The lower class feels their wealth has been hijacked by the few upper classes and as such demonstrates their grievances through armed robbery, protest, economic sabotage, kidnapping and assassinations amongst others. There is therefore a wide gap between the rich and the poor in Nigeria which has impacted negatively on intergroup relations.
(d) Unequal Development
Prior to party politics in Nigeria, kingdoms, empires and city states were allowed to develop according to their abilities since they enjoy sovereignty. However, with the introduction of party politics by the colonial government, the tune is different.
Ekpeyong (2005) asserts that “a major feature of Nigeria politics is that appointments into political positions does not consider merit or capacity but is tied to ethnic origin and party affiliations”. This implies that the control of government and political appointments are usually concentrated within the ethnic group the principal leader comes from leaving the other groups to their fate. These also impacted negatively on intergroup relations.
(e) Regional/ Ethnic Crisis
The 1965 election into the Western House of Assembly was another democratic comedy (Michael, 2019). A.G candidate who held certificates of returns later heard their names mentioned in the government media as failures. The announcement led to total breakdown of law and order in the Western region.

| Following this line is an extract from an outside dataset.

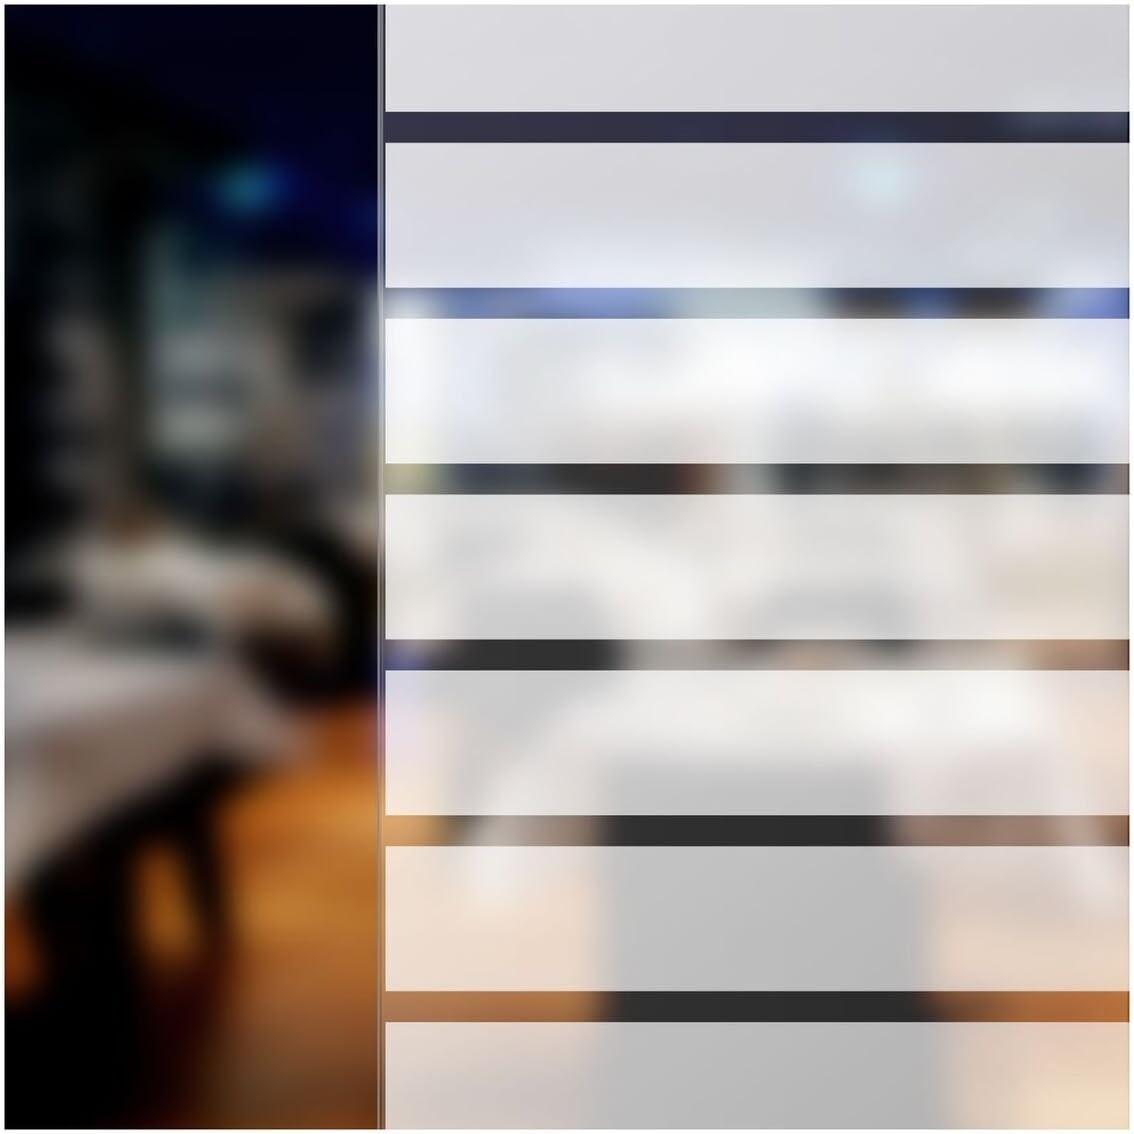 BDF BLP Window Film Blind Plus 1 3 4 Inch Wide Blinds – 60in X 25ft

The hoodlums took advantage of the situation and molested, looted and abused innocent citizens. This was the right time to declare state of emergency pending the conduct of free and fair election. However, Balewa led government was more interested in preserving law and order. Balewa announced that there was normalcy in the West; meanwhile, over 300 persons have been killed with houses burnt. This created tension in the country and further impacted negatively on the fragile nature of intergroup relations in Nigeria.
It is no longer clandestine that the people of present day Nigeria related in a more peaceful manner when they had their autonomy and control their resources. The cat and mouse federalism that is presently practiced in Nigeria cannot promote harmonious relationship between the various groups as the minority groups such as the Niger Delta region and the people of the middle belt who believe they have bulk of the natural resources that sustains Nigeria grapples with poverty. Party politics has encouraged the domination of smaller groups by bigger ones.

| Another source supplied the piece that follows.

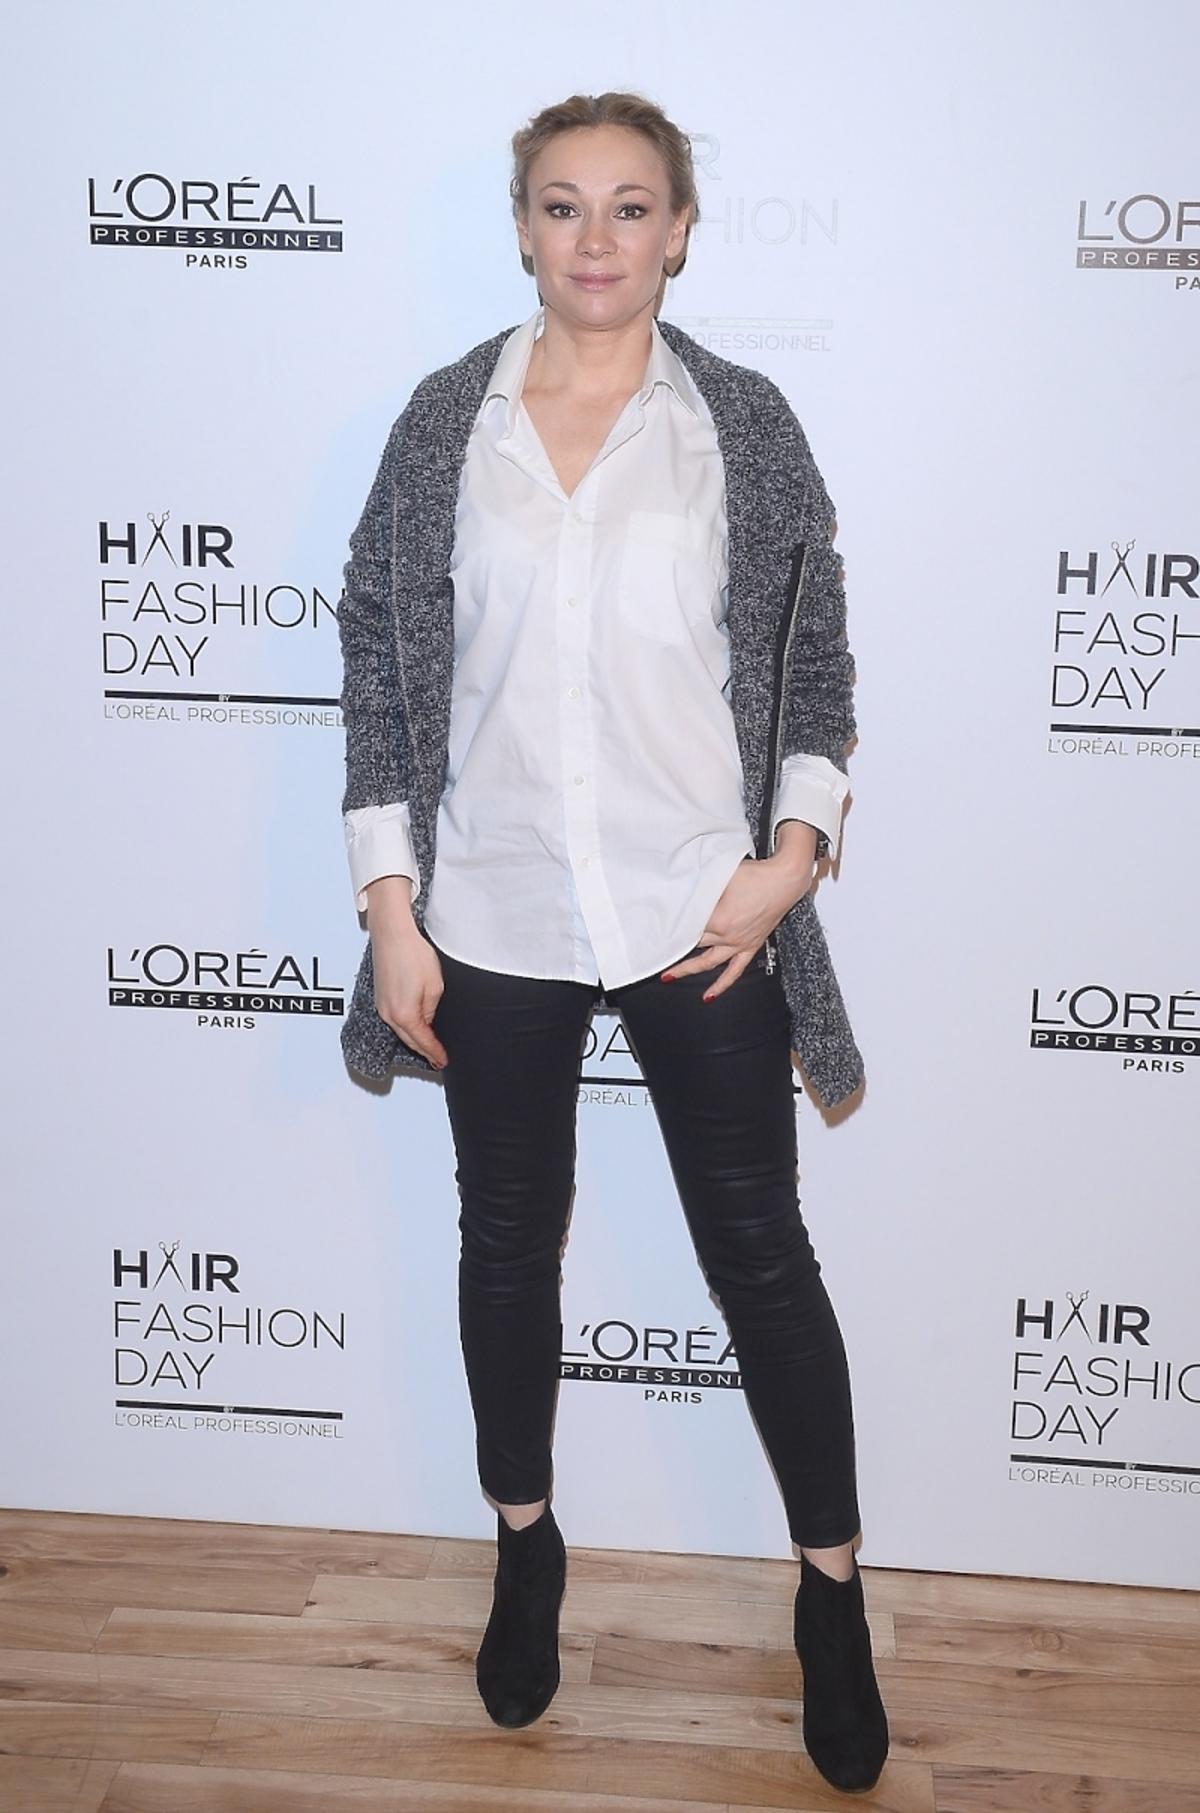 Sonia Bohosiewicz na Hair Fashion Day L Oreal Professionnel

Evidence at our disposal so far shows that party politics has come to stay in Nigeria. The practice so far has indicated a historical trend over the years we can build upon. They generally started with a multi party system that was quickly followed by the desire for a two-party system arrangement. Every effort should be made to improve on the politics in Nigeria. The new generation political class in Nigeria must shun the ugly practices so far experienced. Nigerian human capital should no longer be waste through unwarranted rivalry, inordinate ambition and assassination of veteran political stars.
Party politics in Nigeria should meet international standards. International standards should be respected. The minority both in ethnicity and religion should be allowed to co-exist with the majority. Political oppression and suppression should be discouraged. Party ideologies should be sharpened and adhered to by the political class in Nigeria. However, for the quality of Nigerian politics to improve, some identified areas must be tackled. These are constitutional respect, exhibition of the sportsmanship, manifestation or moral conscience and the need to consider the international dimension. If attention is paid to these five areas by the Nigerian statesmen, Nigeria will make progress politically, which will impact positively on intergroup relations.